Обсуждение: RE: Patch for migration of the pg_commit_ts directory

Поиск
Список
Период
Сортировка

RE: Patch for migration of the pg_commit_ts directory

От
"Hayato Kuroda (Fujitsu)"
Дата:
Hi,

Per my understanding, track_commit_timestamp must be on the new instance,
otherwise it would be removed when new instance starts.
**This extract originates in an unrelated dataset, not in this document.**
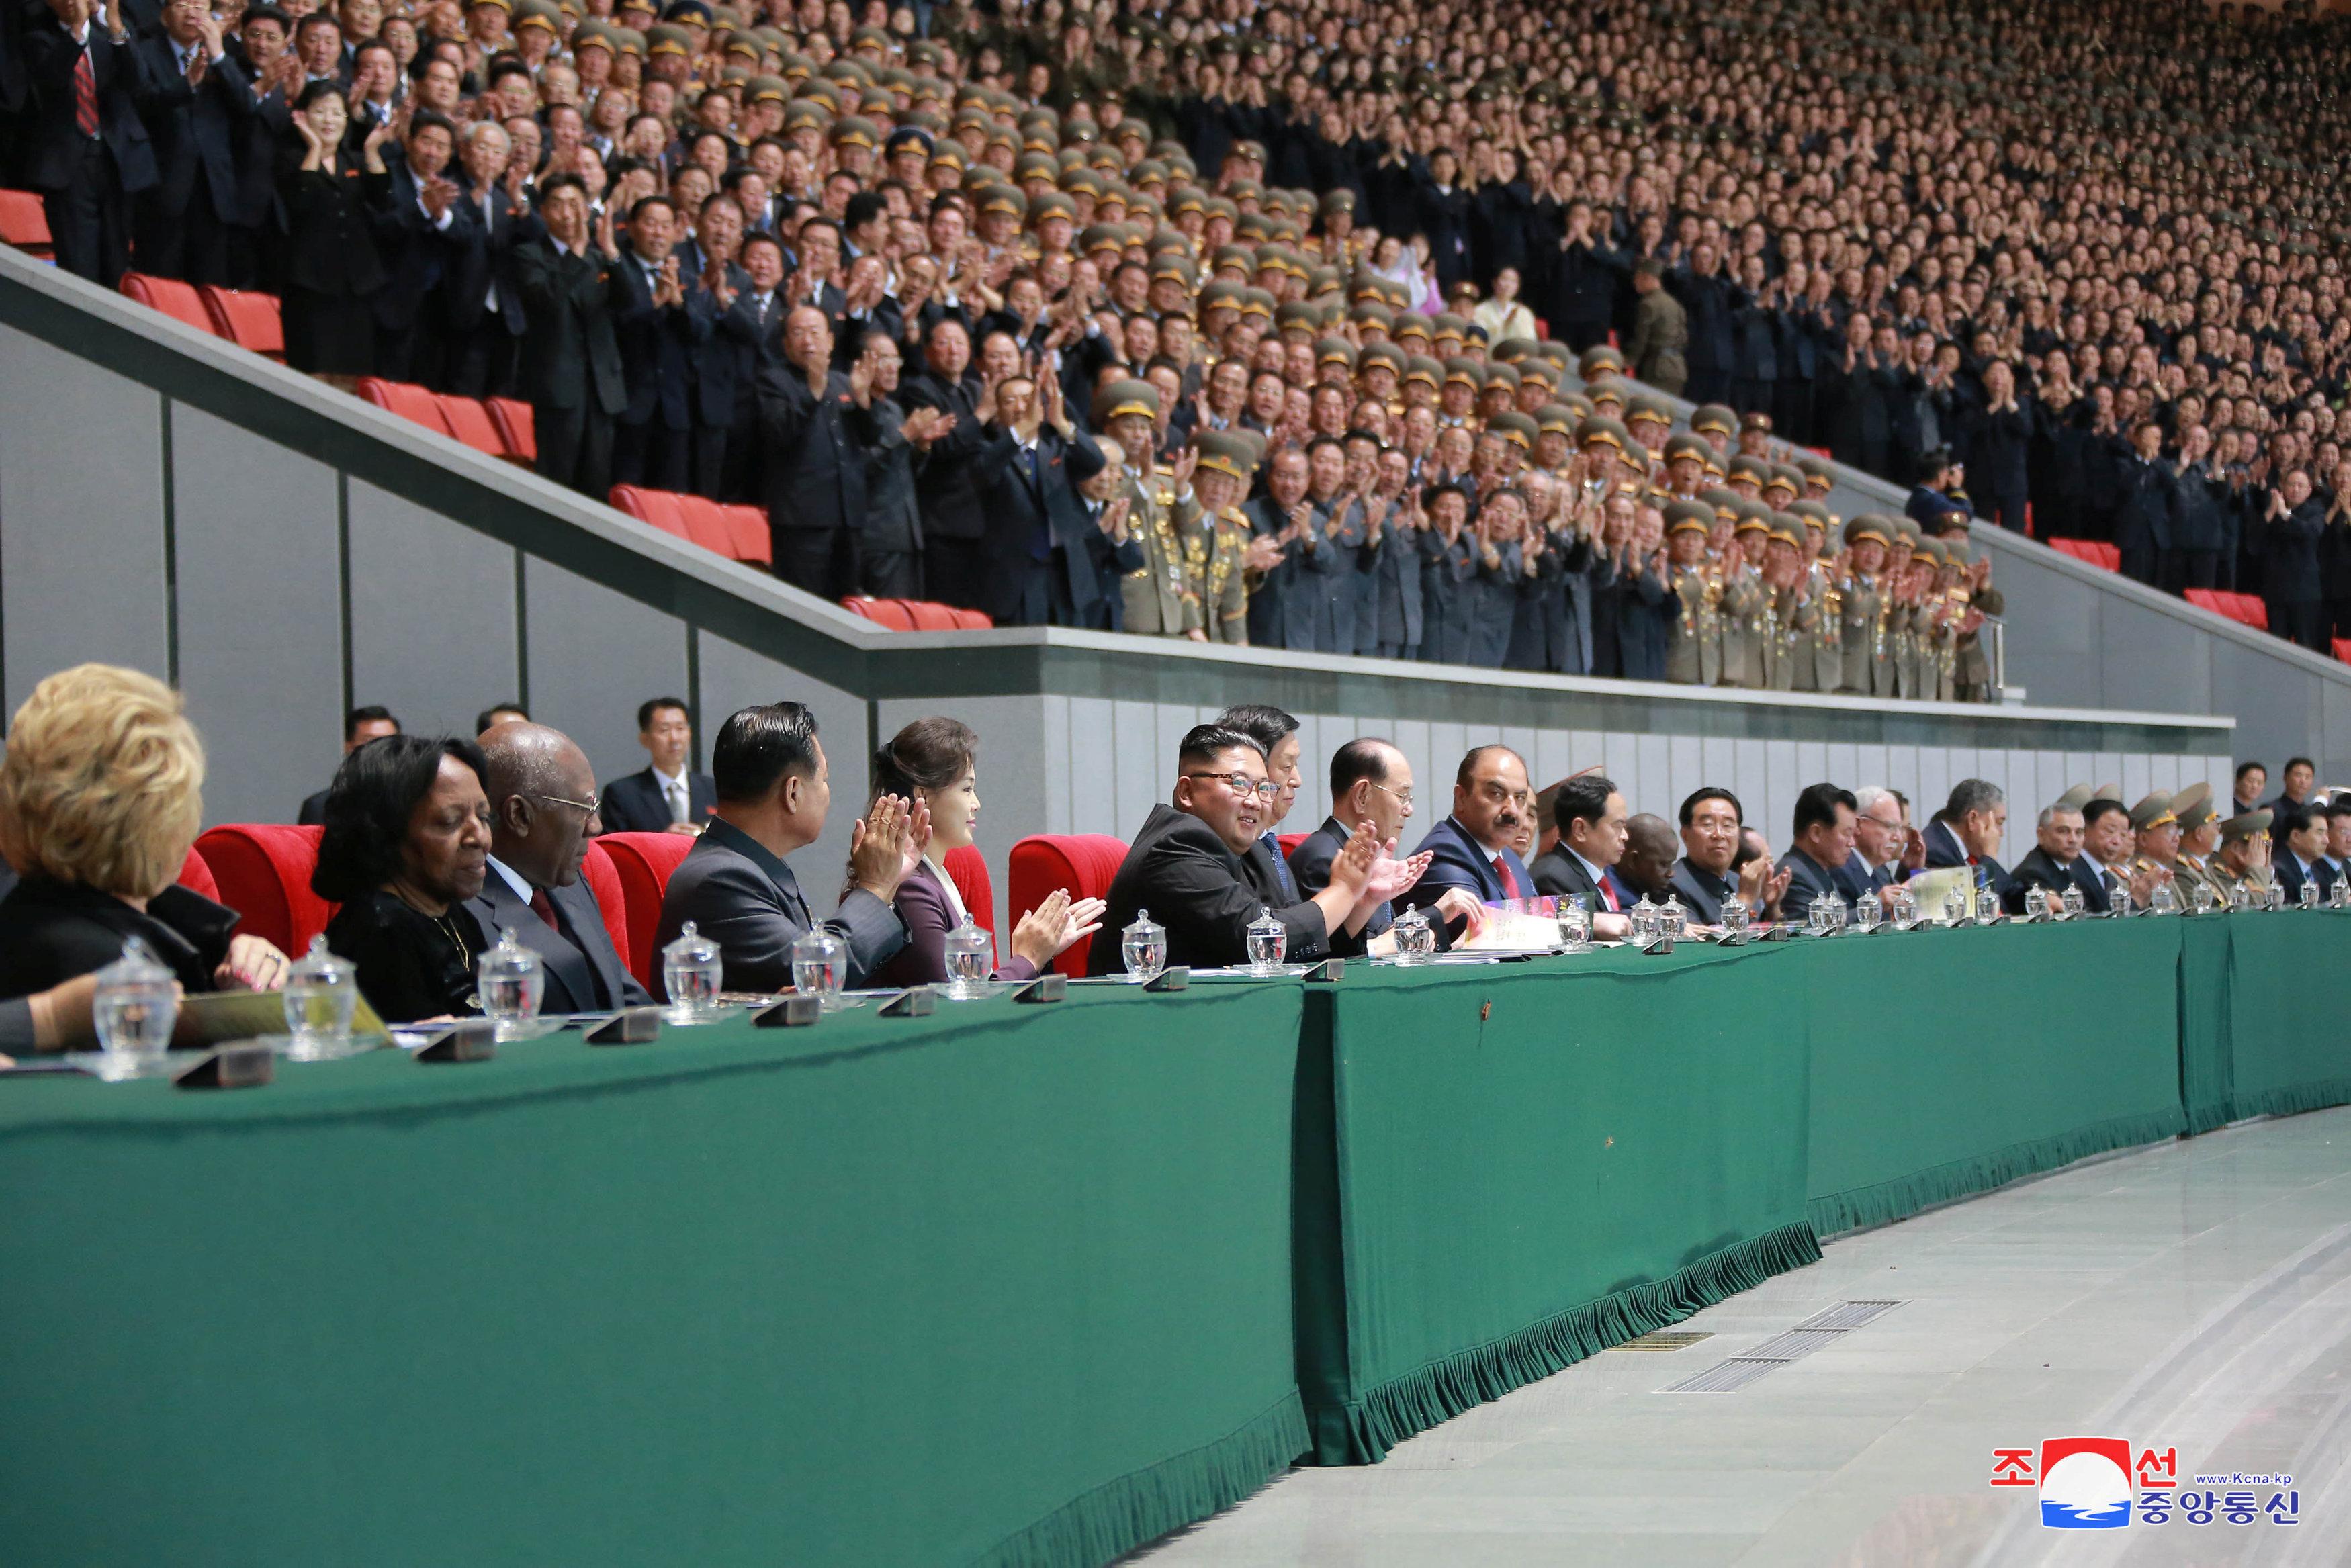 احتفال مجلس الدولة الكورى الشمالى

Is it correct?
If so, should we detect the difference and do some warnings/errors here?
Or it is just the user's responsibility?

Best regards,
Hayato Kuroda
FUJITSU LIMITED


RE: Patch for migration of the pg_commit_ts directory

От
"Hayato Kuroda (Fujitsu)"
Дата:
Hi,
(Sorry but I cannot find your name)

> Yes, track_commit_timestamp must be installed in the new instance.
> This is only the responsibility of an experienced user.
> pg_upgrage should allow you to save pg_commit_ts if this data exists at the time of migration.
> Warnings are not needed, the loss of this data is not critical in most cases.
> They were lost with each migration if users did not manually migrate them.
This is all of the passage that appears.